About this task —
Return exactly the lines from the one containing "クリッパン ブランケット KLIPPAN blanket ミナペルホネン コラボ" through the last line of the records below, both included, and leave out any pictures.

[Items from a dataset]
----------------

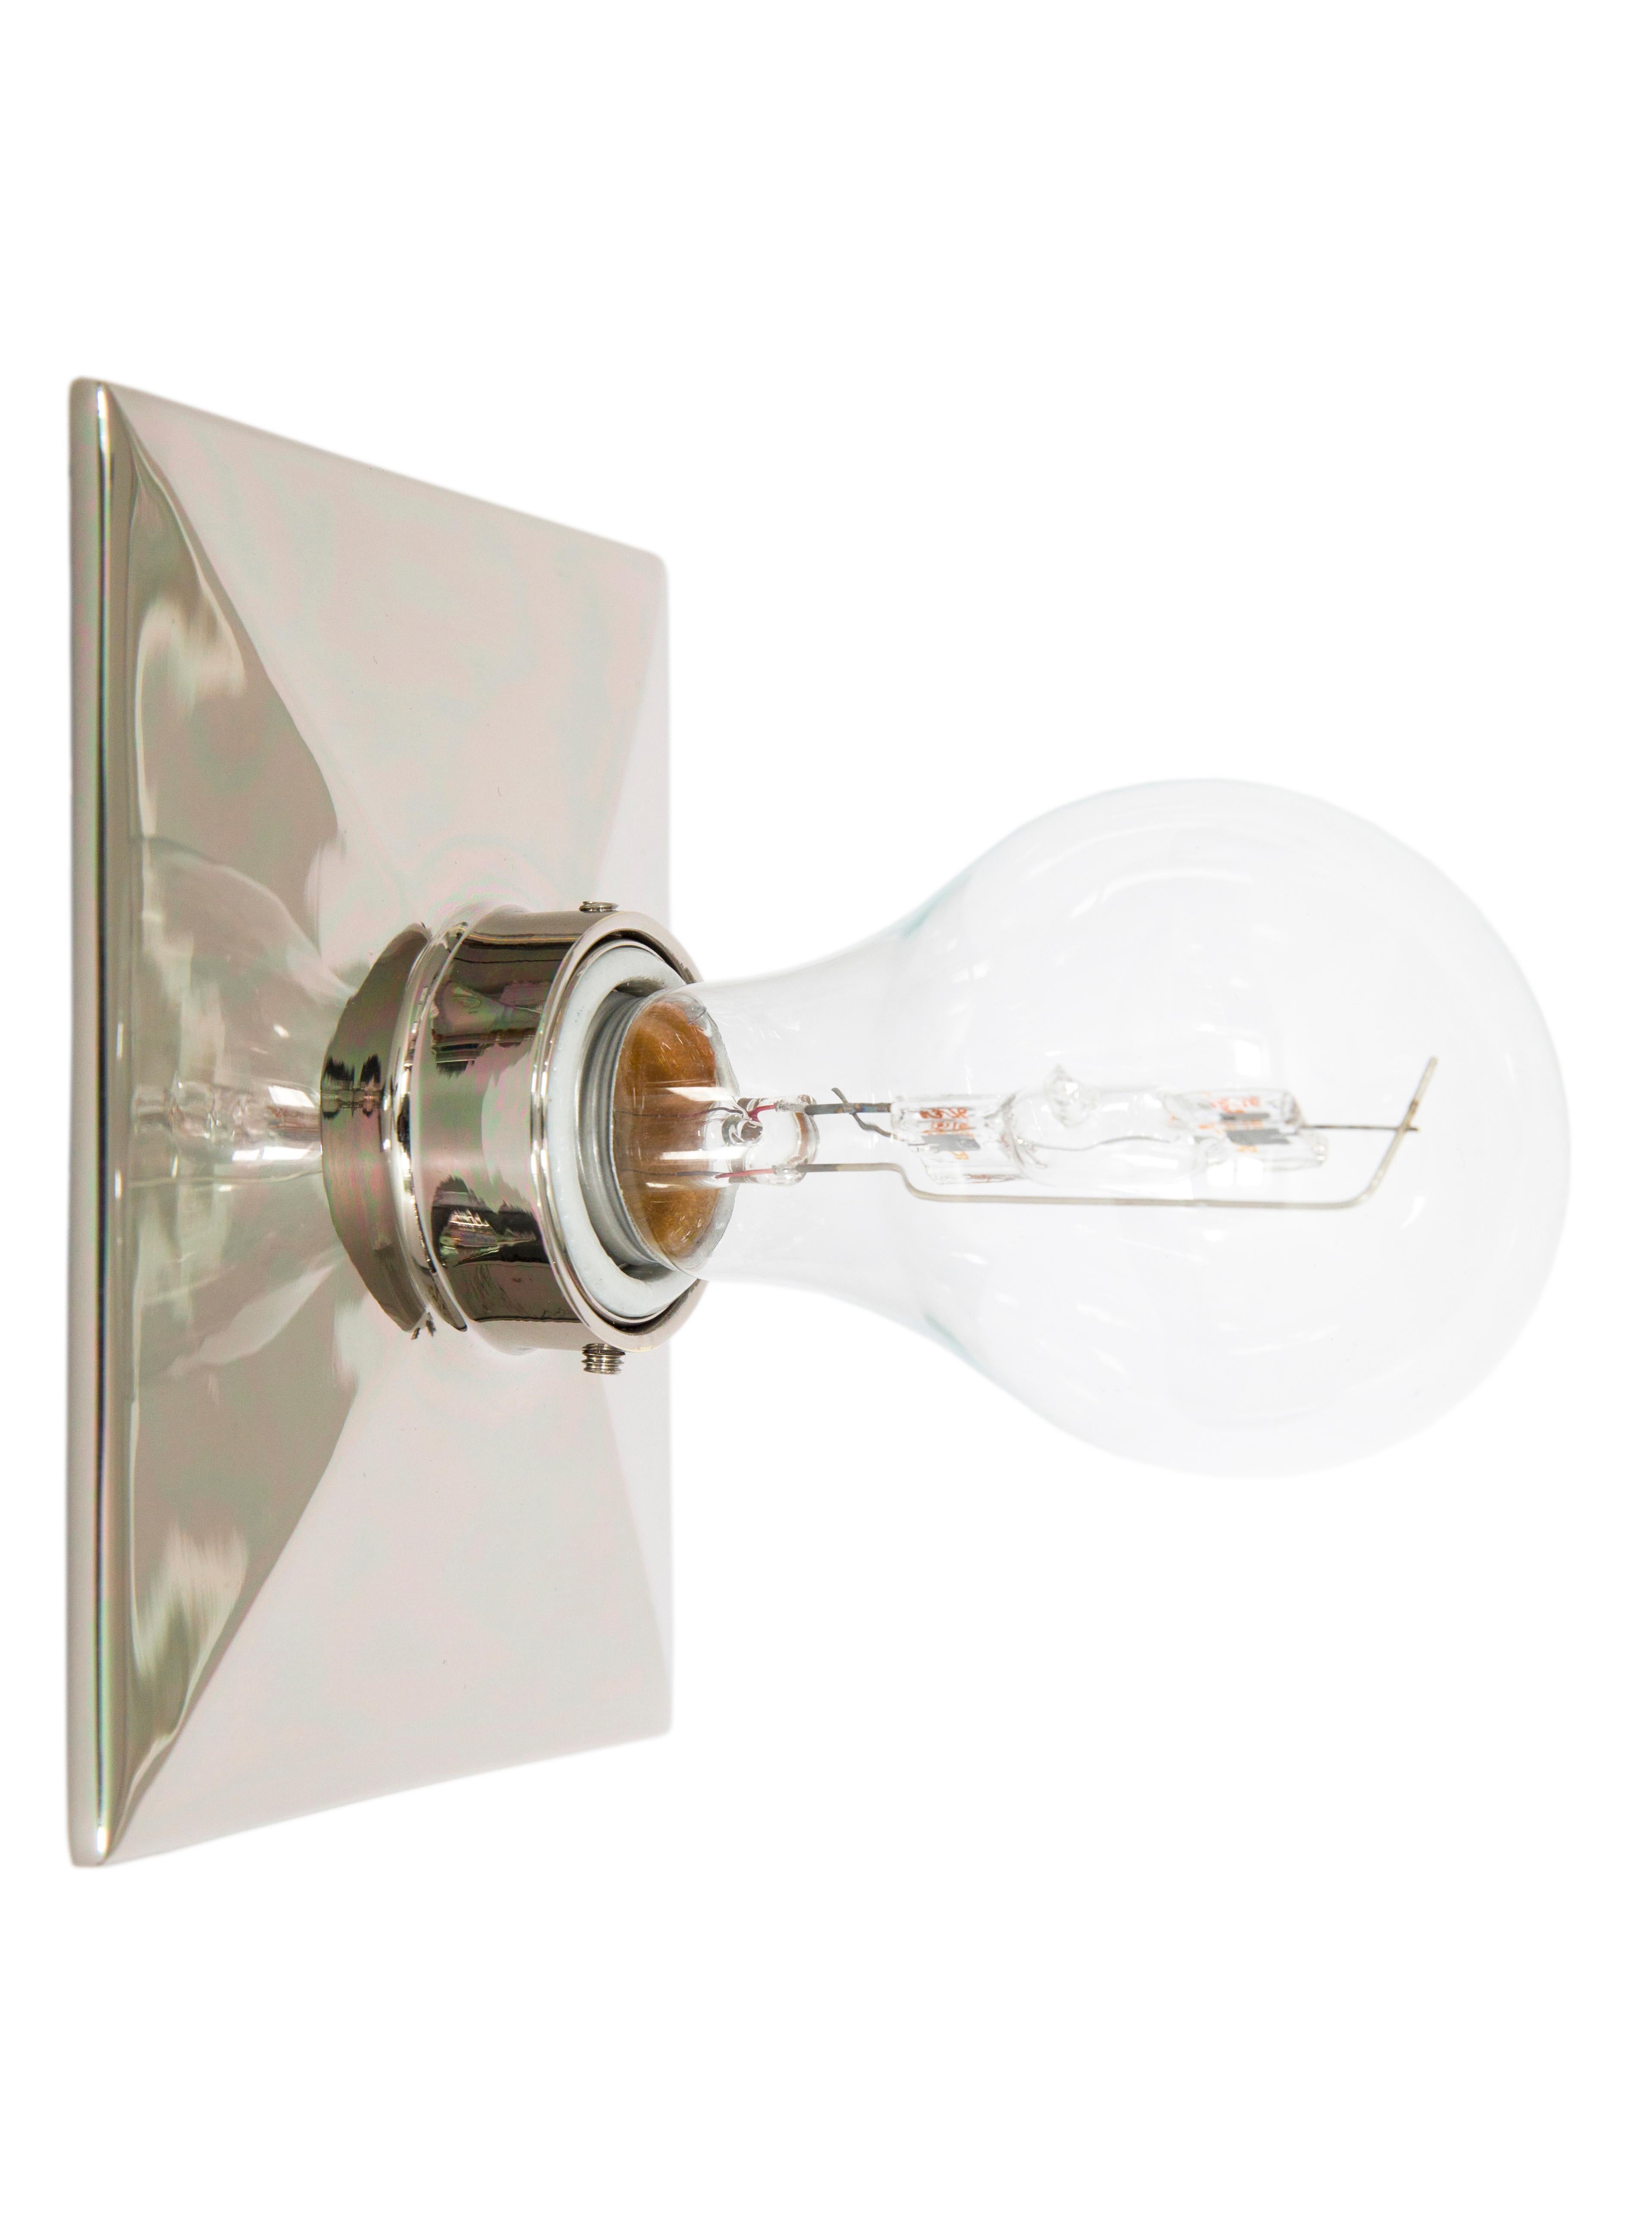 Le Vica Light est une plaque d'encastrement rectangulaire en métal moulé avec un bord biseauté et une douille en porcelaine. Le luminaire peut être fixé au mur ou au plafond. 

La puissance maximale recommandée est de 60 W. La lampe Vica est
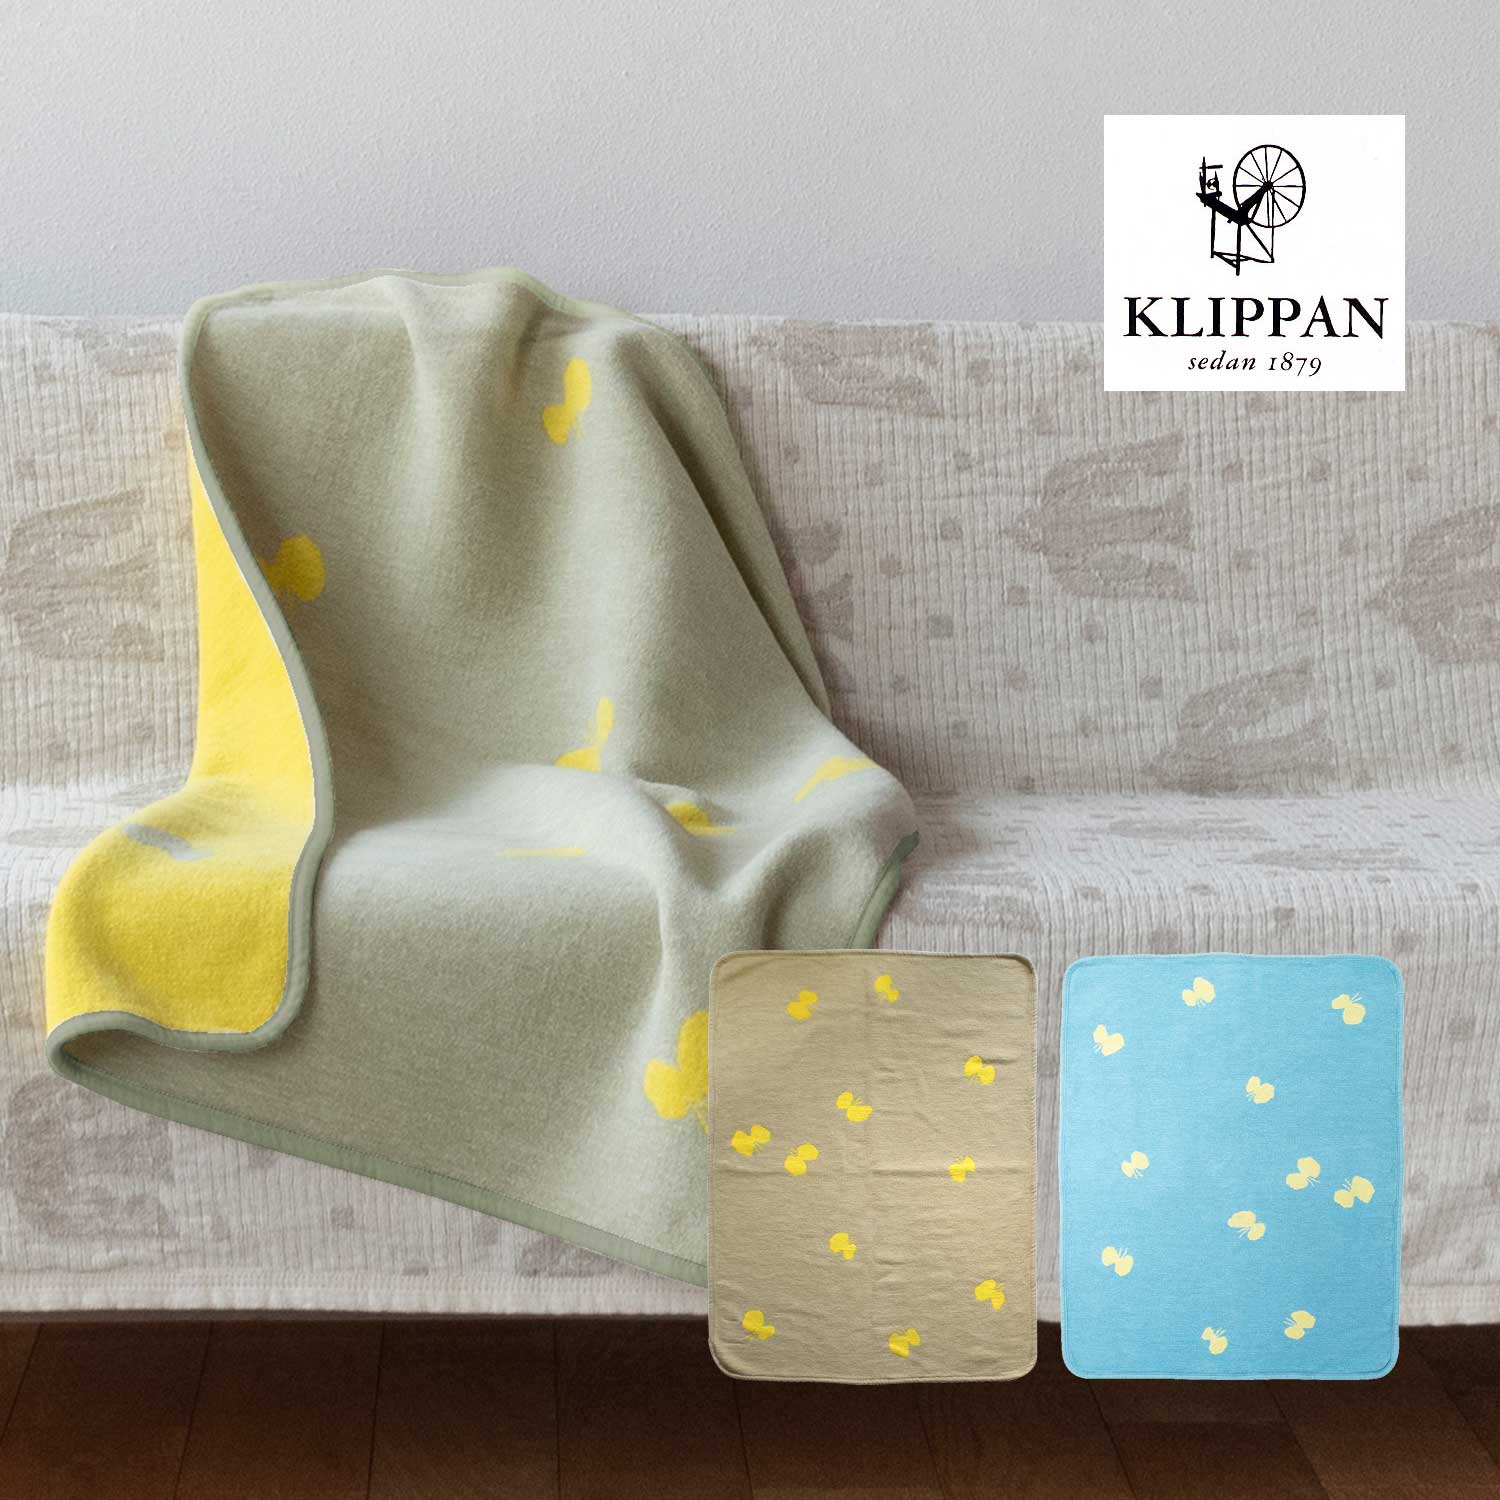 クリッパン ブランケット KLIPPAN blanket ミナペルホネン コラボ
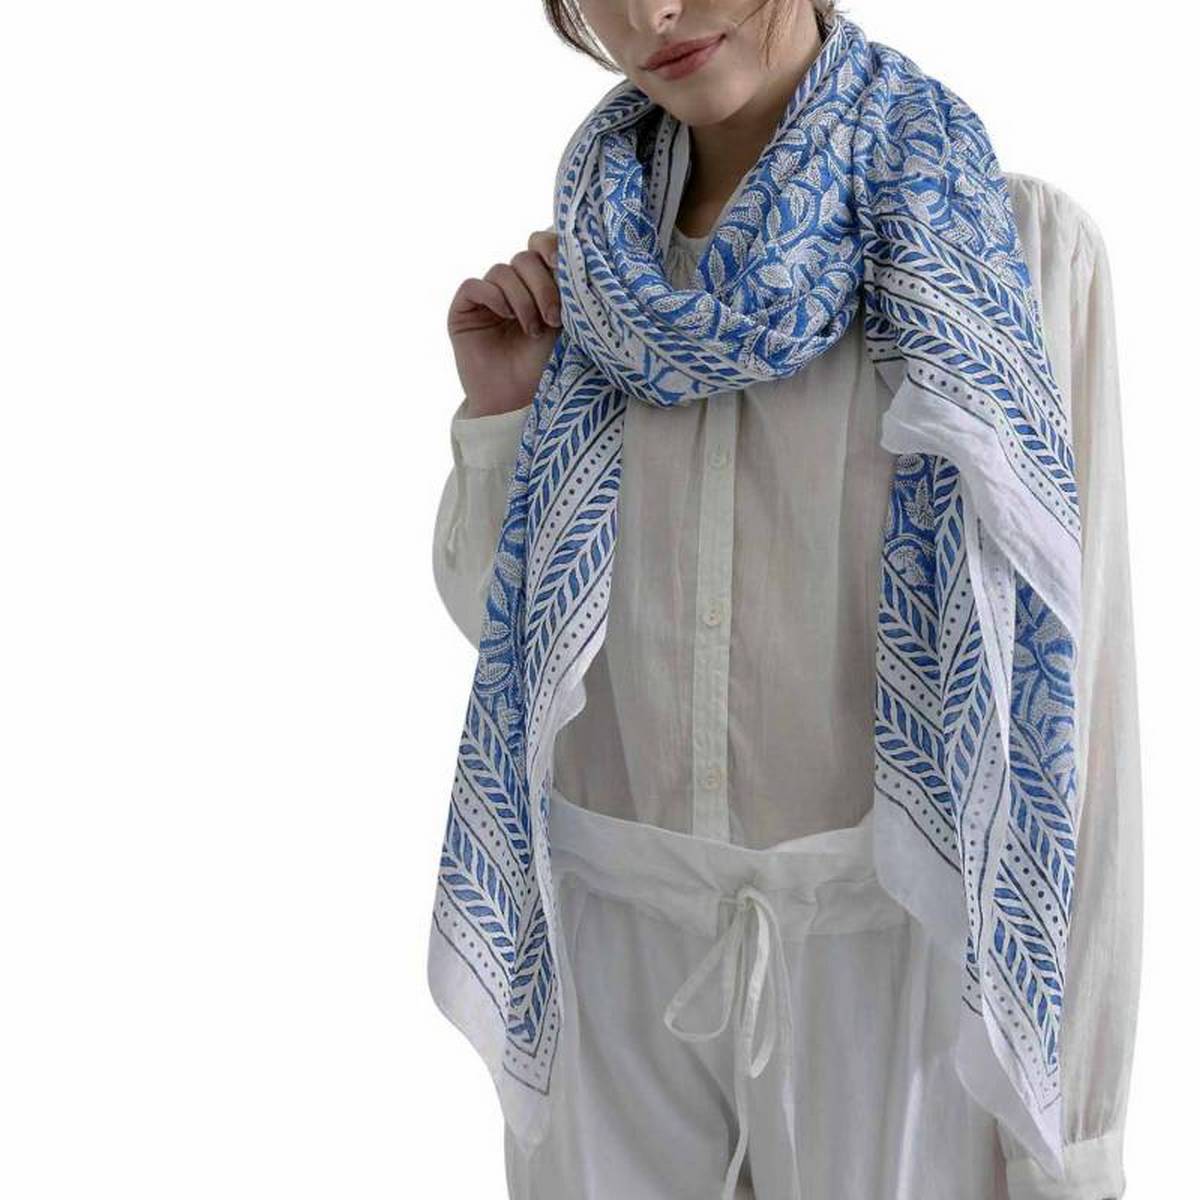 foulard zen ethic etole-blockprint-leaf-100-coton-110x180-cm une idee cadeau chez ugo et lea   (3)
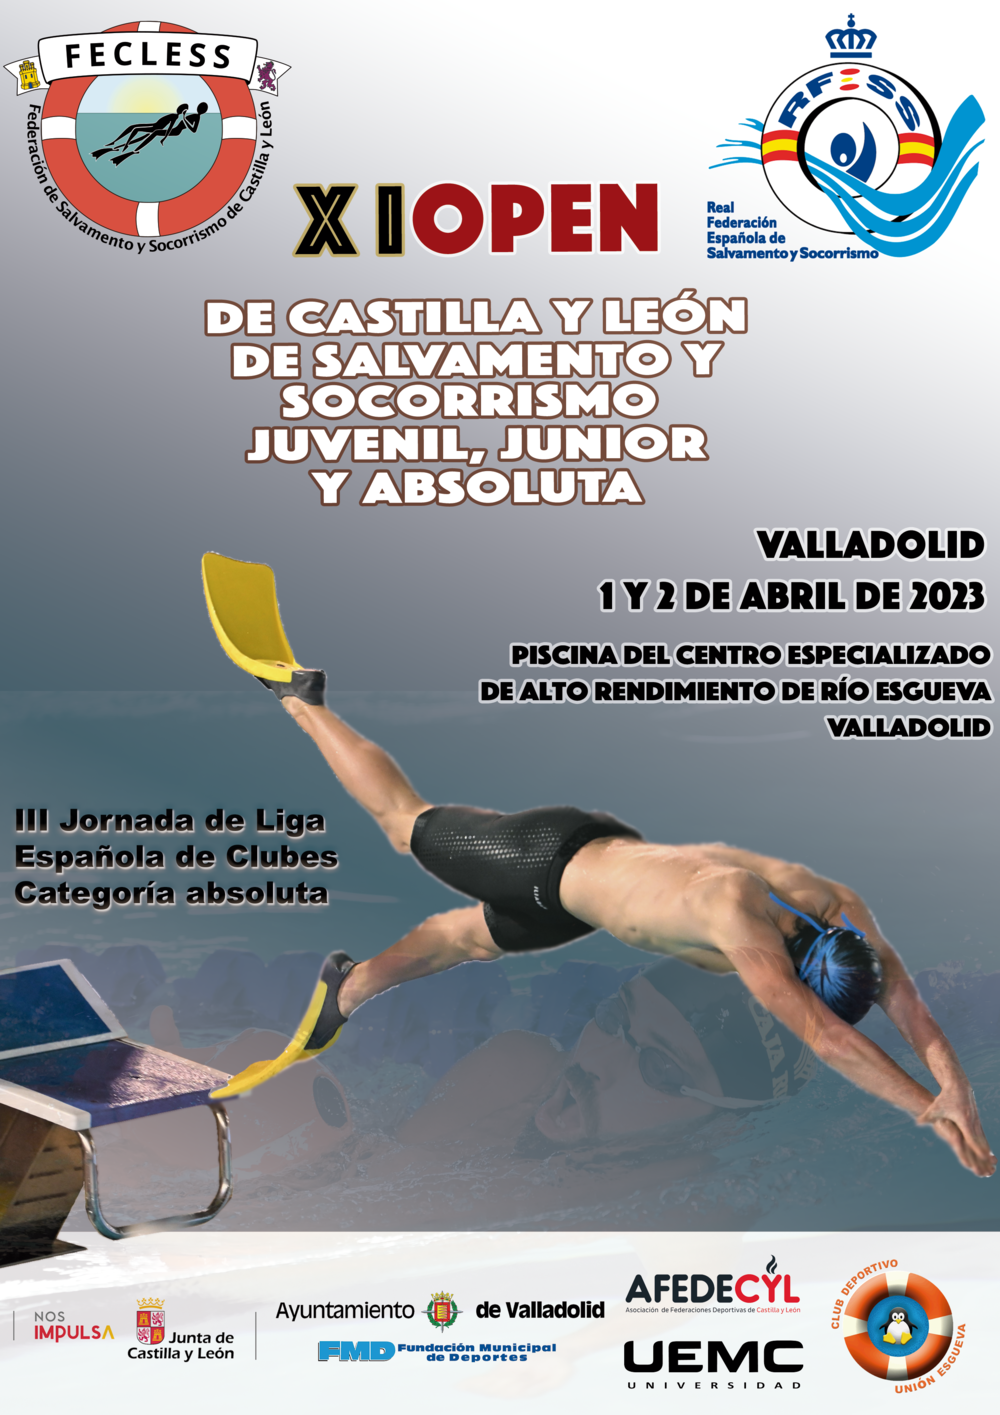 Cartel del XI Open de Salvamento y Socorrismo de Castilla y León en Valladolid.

----------------

Result of this exercise —
 クリッパン ブランケット KLIPPAN blanket ミナペルホネン コラボ
 foulard zen ethic etole-blockprint-leaf-100-coton-110x180-cm une idee cadeau chez ugo et lea   (3)
 Cartel del XI Open de Salvamento y Socorrismo de Castilla y León en Valladolid.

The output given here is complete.